Learn how to assemble a dessert board at home with help from expert charcuterie makers.

How to Make Your Own Awe-Inspiring S’mores Board
Courtesy of Heather Templeton

Looking for a new way to serve up dessert? S’mores charcuterie boards, or s’mores boards, are an innovative (and Instagram-friendly) way to allow guests to DIY their own sweet treats. With artfully arranged ingredients and some creative tricks of the trade, you can impress any crowd at home with your own imaginative (but quick-to-assemble) dessert presentation.

Brianna Arroyo, founder of Cheese and Honey, hopped on the trend early and shared with us her tips and tricks for making the most aesthetically-pleasing and functional s’mores boards. Compared to the traditional meat and cheese appetizer boards that dominate your social media feed, s’mores boards are a riff on dessert boards, meant more for assembling than eating the pieces individually. “Dessert and charcuterie boards are all about presentation and functionality,” Arroyo says. “S’mores boards work so well because s’mores are just three ingredients, but you can play with toppings and fruits.”
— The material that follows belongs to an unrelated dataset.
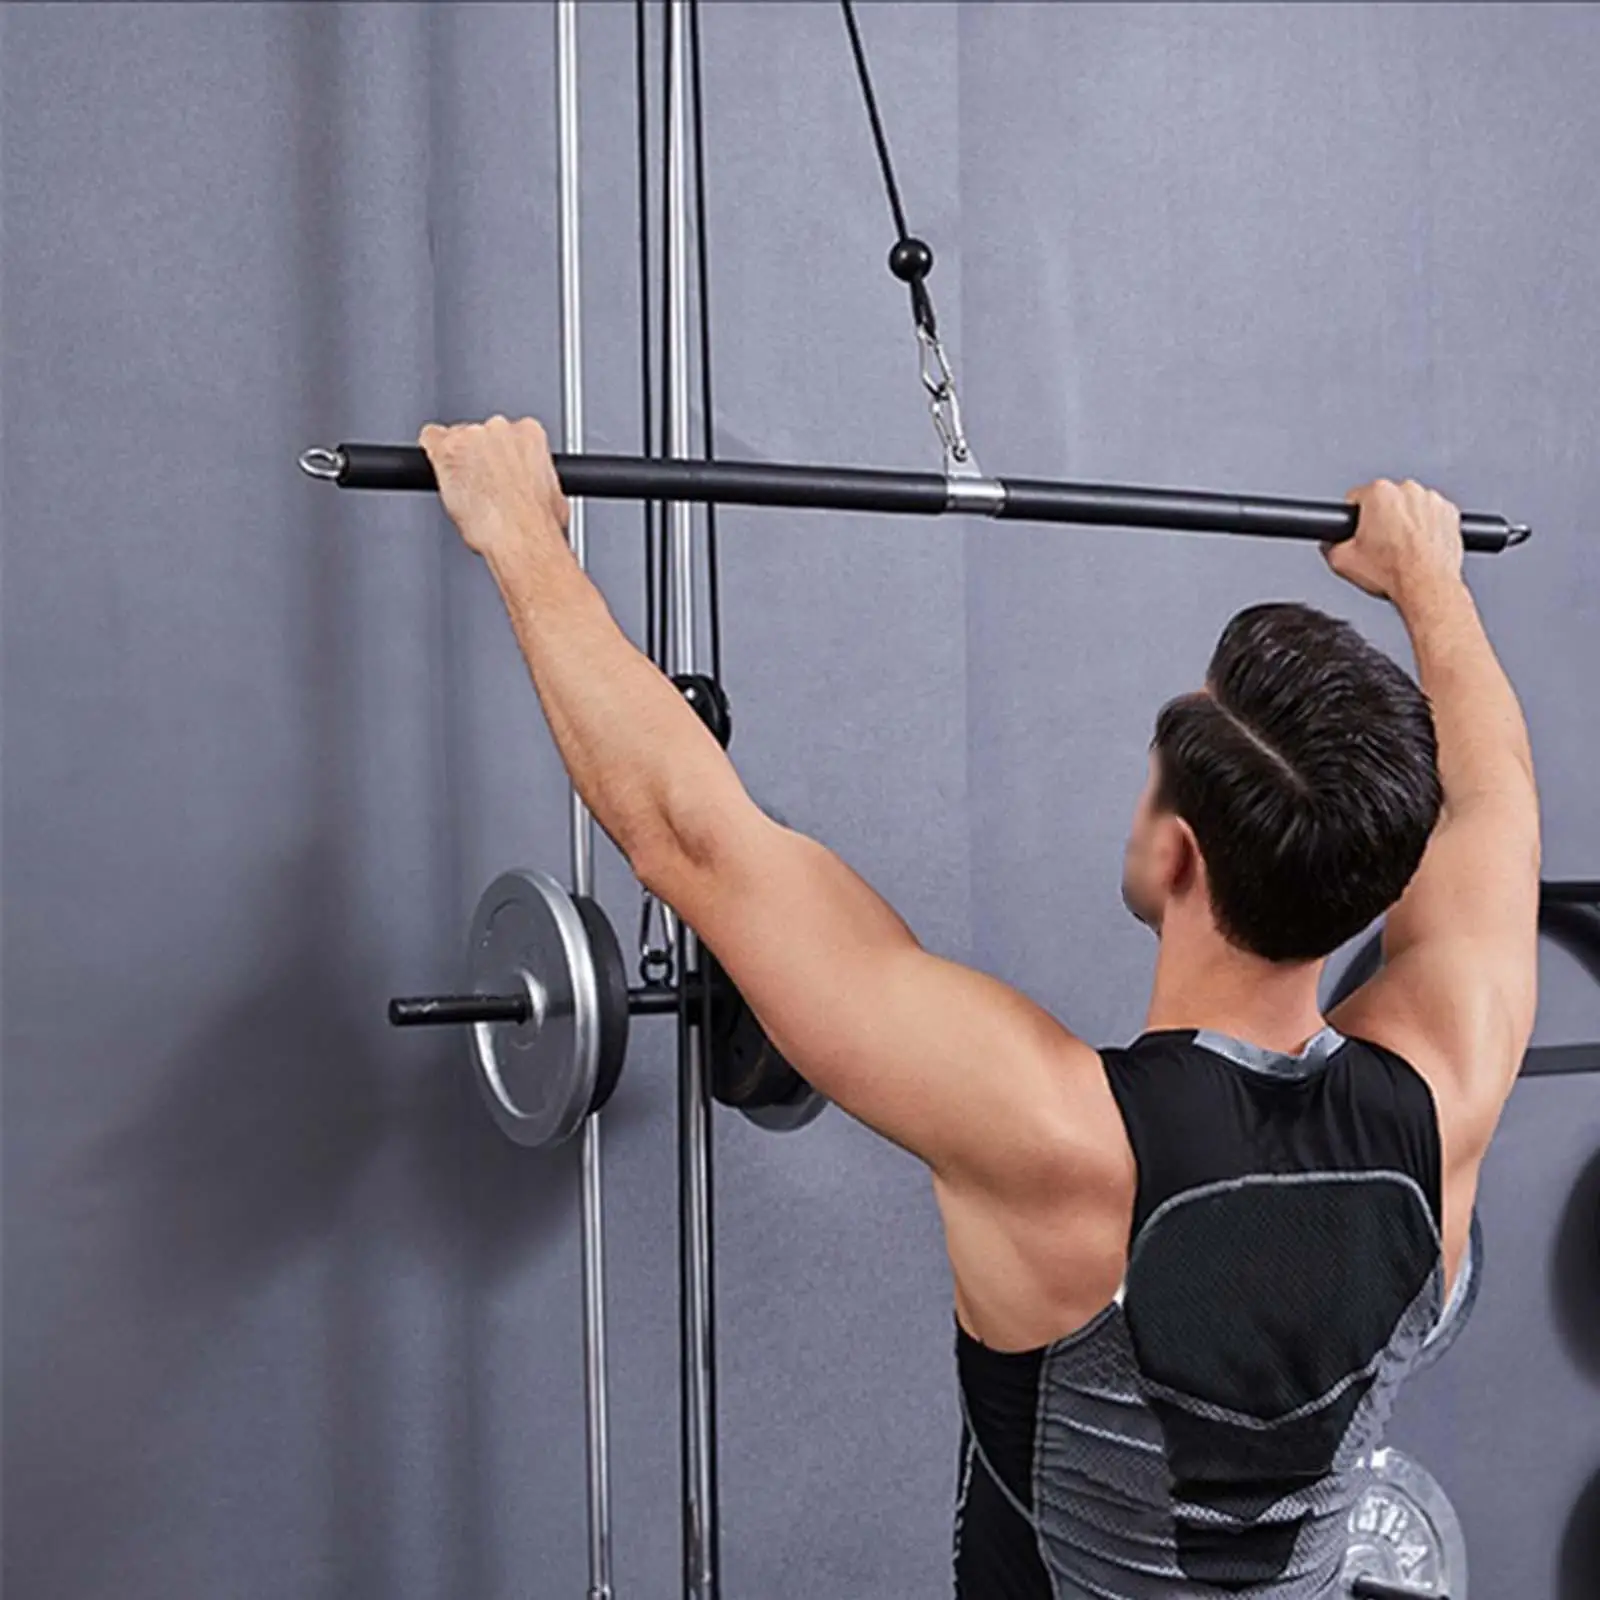 Pull Down Bar, Press Down Bar Detachable Cable Machine Attachment for Back Arm Muscles Building Strength Workout

The key to making a great s’mores board is using great ingredients. Noelle Ramirez, co-founder of S’moreology in Los Angeles, created high-quality kits perfect for making your own artful s’mores board. S’moreology specializes in gourmet s’mores, like Churros and Chocolate or the Girl Scout-inspired Samoa S’mores Kit. If you’re looking to make a themed s’mores board like cookies and creme or birthday s’mores, try using a S’moreology kit to create a curated board—or combine many to make a diverse array. If you’re in the area, drop by S’moreology to try their gourmet s’mores, brownies, cookies, sundaes, and famous hot chocolate.

Heather Templeton, founder of food blog Heather’s Home Bakery, created her first s’mores board to experiment with dessert experiences for her family. “S’mores boards are a fast way to set up an entire dessert board for your guests,” she says. “You can also use peanut butter cups instead of chocolate bars for a peanut butter kick, or try shortbread cookies instead of graham crackers for a more buttery, cookie bar feel.”

Templeton demonstrates how to creatively arrange a s’mores board in the video below:

To make an indoors s’mores board, Arroyo recommends starting the assembly in the middle with a heat source. “For s’mores boards, you want to start with making the burner the centerpiece so that it helps stand the other ingredients up—and you need it to cook the s’mores,” she explains. Arroyo likes to make the board look as though it’s flowing, with all the ingredients in a diagonal or circular arrangement.

Next, she places the marshmallows and graham crackers on opposite ends of the board. “You want everything to flow directly to the burner, so pile the edges of the boards and have them trickle down as you move to the center.” For the chocolate, Arroyo suggests breaking up the bars to the sizes you would use in one s’more so people don’t need to break up pieces on their own.  

For the final step, Arroyo likes to use fresh fruit and baked goods as fillers. Wherever you see gaps, plop in strawberries, blueberries, mini chocolate chip cookies, or brownie bites. These additions serve as palate refreshers and a break from ooey gooey sweetness.